• **TASK OBJECTIVE**
Below are the records; extract from them the line containing "Los Angeles, CA." to the line containing "Synthesis and characterization", both lines included, exactly and with no pictures.

• **ENTRIES SUPPLIED**
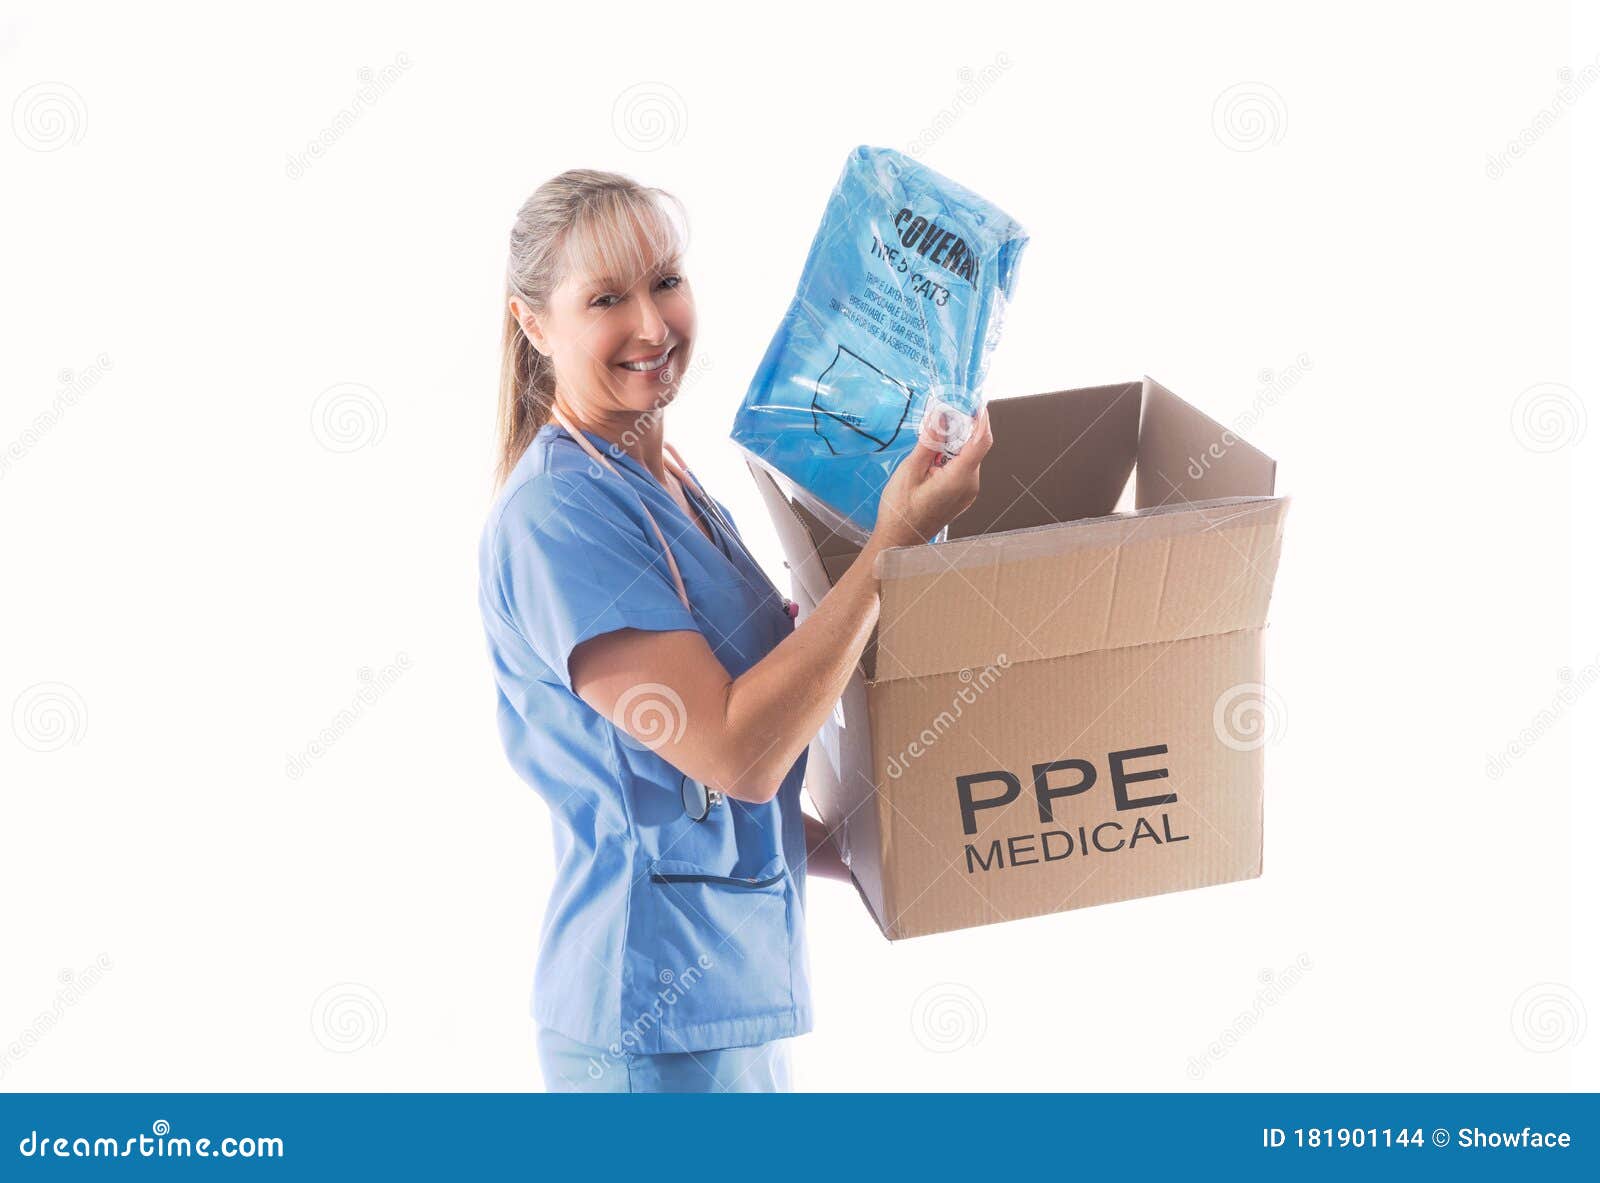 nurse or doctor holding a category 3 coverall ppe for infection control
* * *
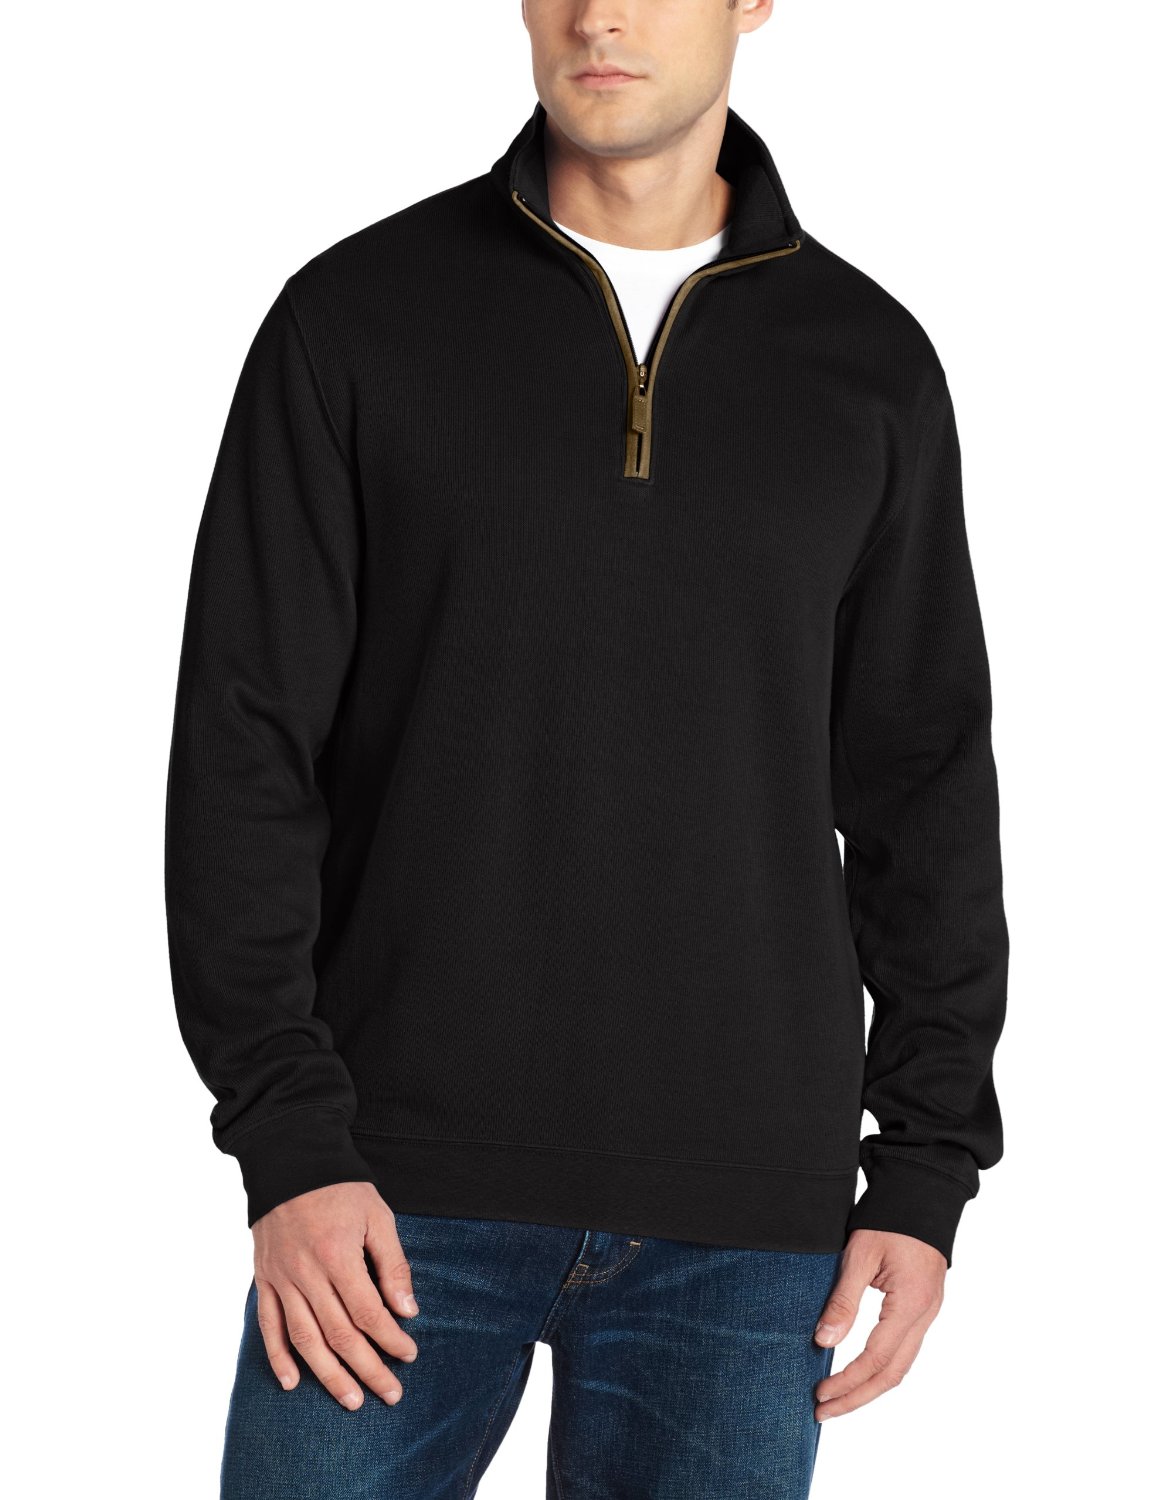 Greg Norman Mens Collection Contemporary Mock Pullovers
* * *
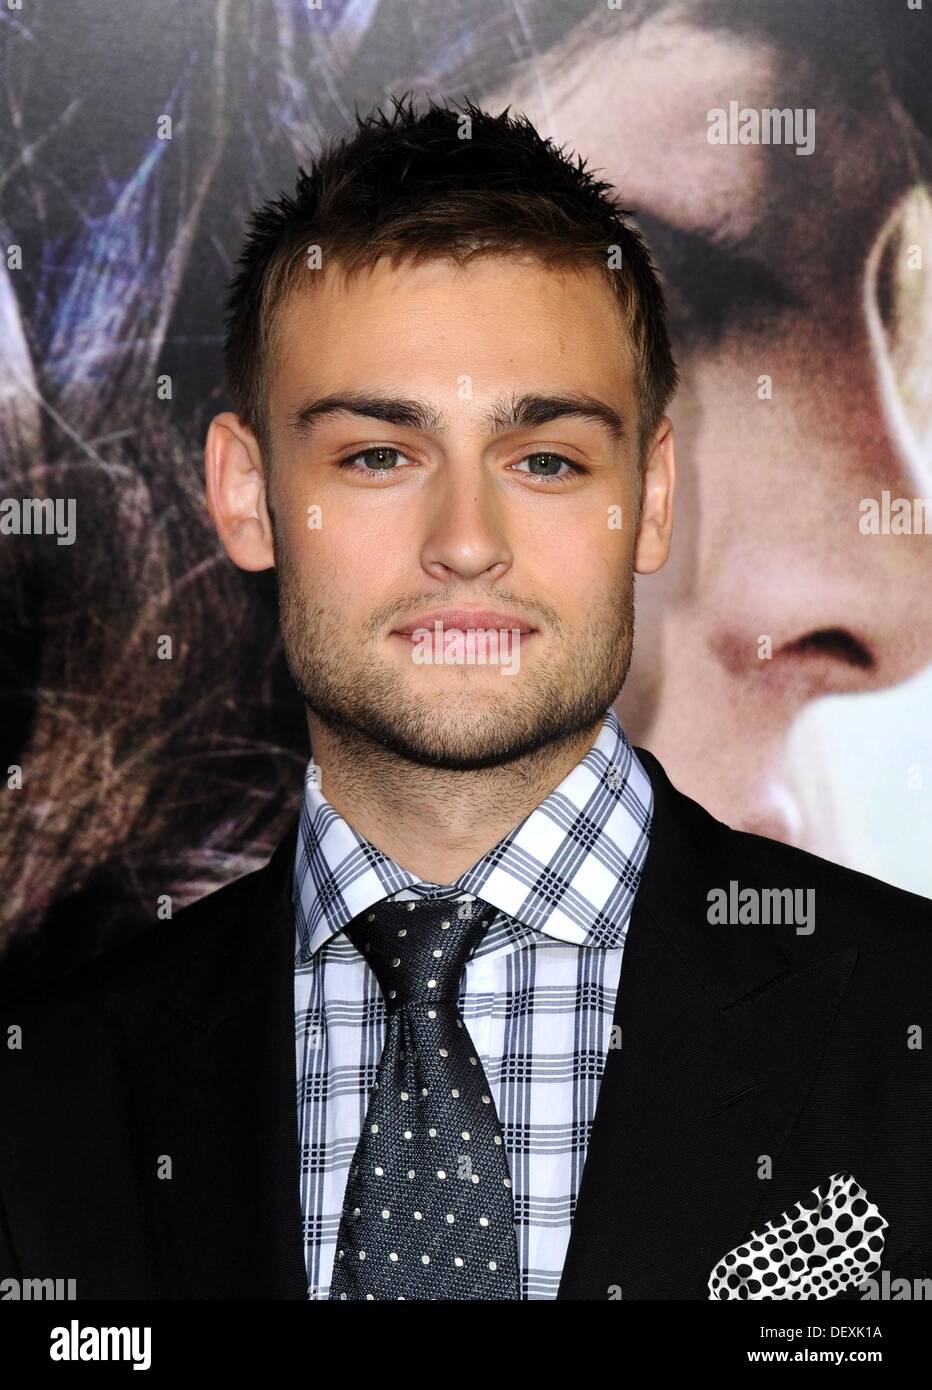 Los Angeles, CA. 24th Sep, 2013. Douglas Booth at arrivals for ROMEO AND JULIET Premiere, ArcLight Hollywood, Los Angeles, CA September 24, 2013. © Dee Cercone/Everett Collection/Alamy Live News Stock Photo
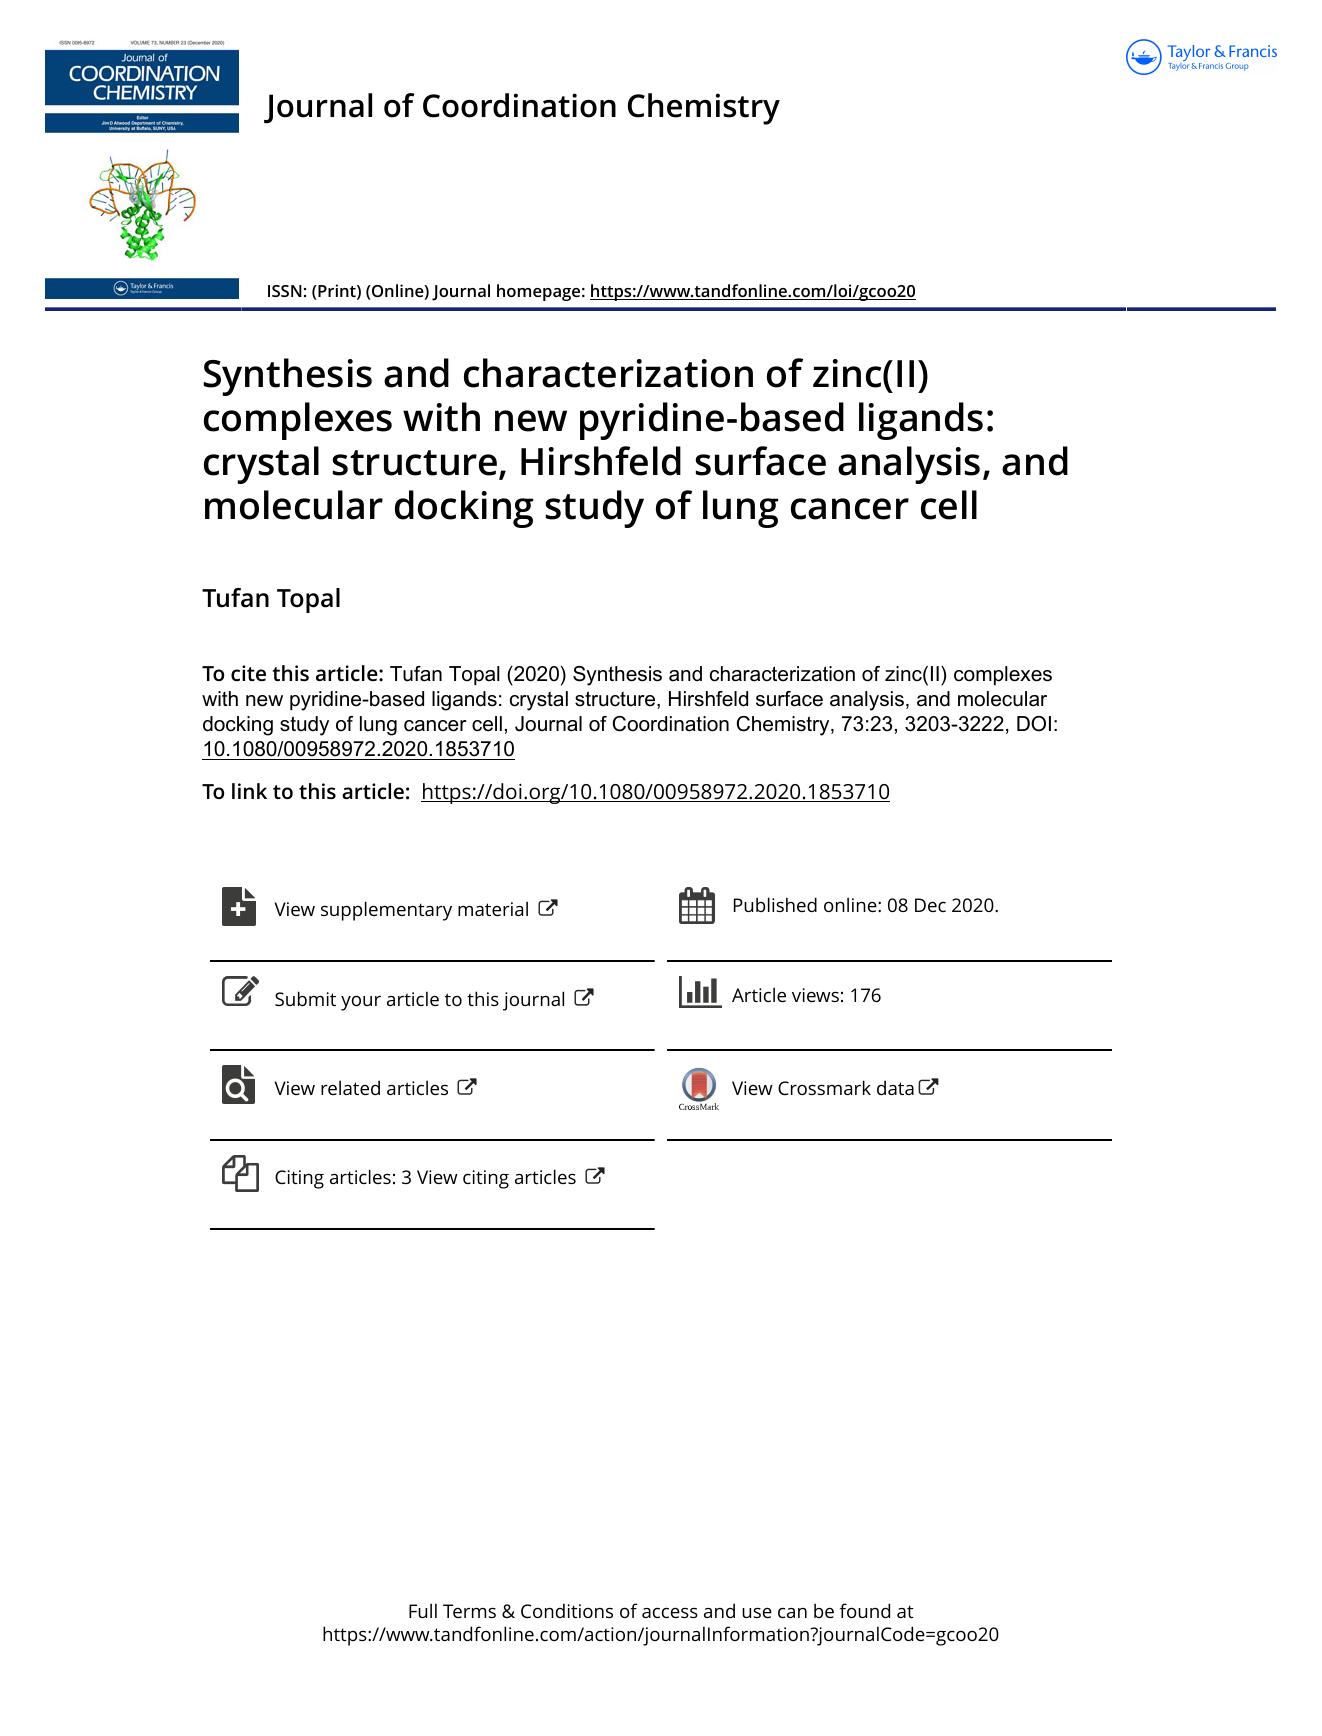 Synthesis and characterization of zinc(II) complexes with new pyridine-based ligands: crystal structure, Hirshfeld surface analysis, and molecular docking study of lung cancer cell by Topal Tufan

• **EXERCISE RESULT**
 Los Angeles, CA. 24th Sep, 2013. Douglas Booth at arrivals for ROMEO AND JULIET Premiere, ArcLight Hollywood, Los Angeles, CA September 24, 2013. © Dee Cercone/Everett Collection/Alamy Live News Stock Photo
 Synthesis and characterization of zinc(II) complexes with new pyridine-based ligands: crystal structure, Hirshfeld surface analysis, and molecular docking study of lung cancer cell by Topal Tufan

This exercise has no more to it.